Danillo’s voice could be heard calling impatiently from the studio. He was finally in the mood to work, and if everyone was on schedule he’d be finished with this in less than a half-hour.
“Ready?” asked Robertson.
Daisy took one more look in the mirror. It was hopeless to make any objections. They’d done so much to her that she hadn’t the faintest idea of where to start to make it less awful.
She got up gingerly. The stool had cut off the circulation in her legs and she felt stiff and weary. She didn’t need to change from the terry robe since she would merely slip it off her shoulders for the head shot. She belted it more securely and turned to look at Theseus.
“Now you stay right here until I get back,” she told him. Instead of his usual patient acceptance of her instructions, he stood up on the couch, bared his teeth at her and growled low in his throat, breaking his lurcher’s silence. It was unthinkable. Daisy went closer to him and he suddenly cringed away, growling desperate protest all the while.
“Theseus!” she cried. He shivered all over at the sound of Daisy’s voice coming from the stranger’s face, and when she put out her hand to him, he flinched and refused to sniff it.

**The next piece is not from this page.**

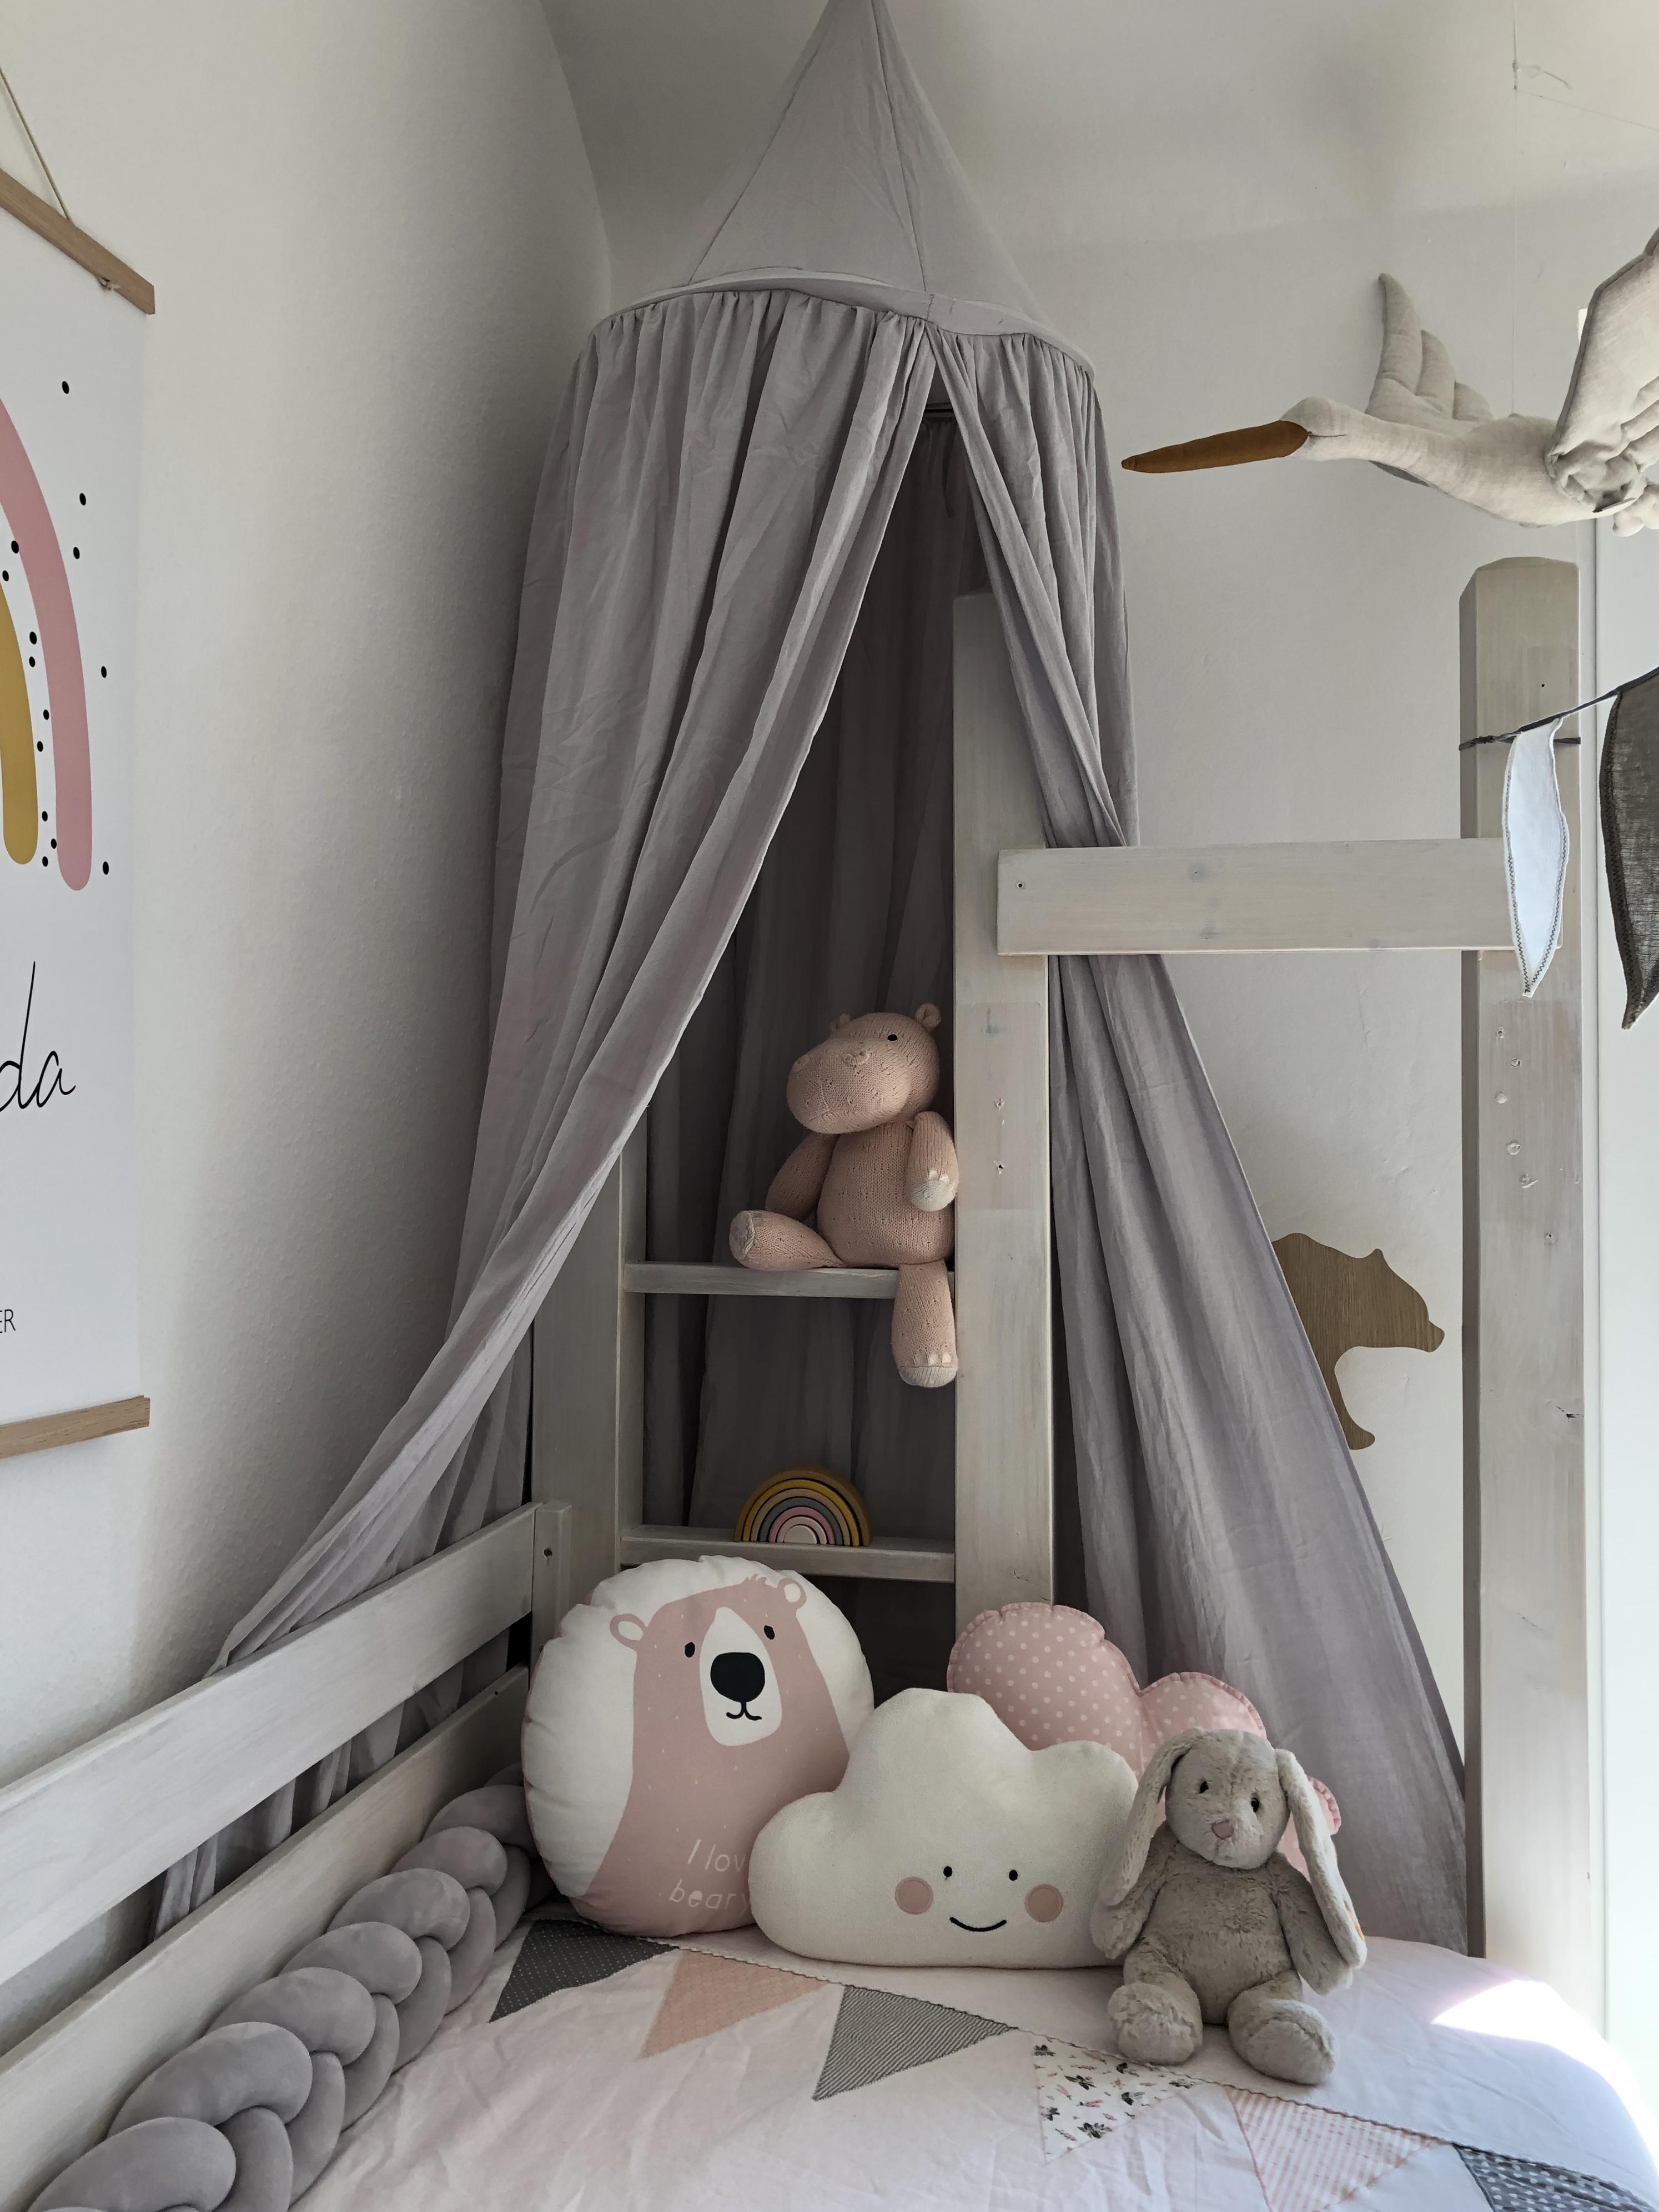 Kinderzimmer Mädchen -Homestory Beton trifft auf Glas. Weitere Wohnideen findest du bei desmondo.de

“THAT DOES IT!” Daisy said and turned back to the table, plunged her hand deep into a jar of cold cream and smeared it forcefully from one cheek to another. “Take off the jewels, take down my hair and call Alonzo in here to take off the rest of the make-up!” she ordered the hairdresser. Robertson, who could feel the room darkening and whirling around him, had retreated to a corner to get away from this madwoman.
“Alonzo,” Daisy called out to the reception room, “I need you.”
The make-up man hurried in as she was scrubbing the second handful of cold cream over her chin and forehead.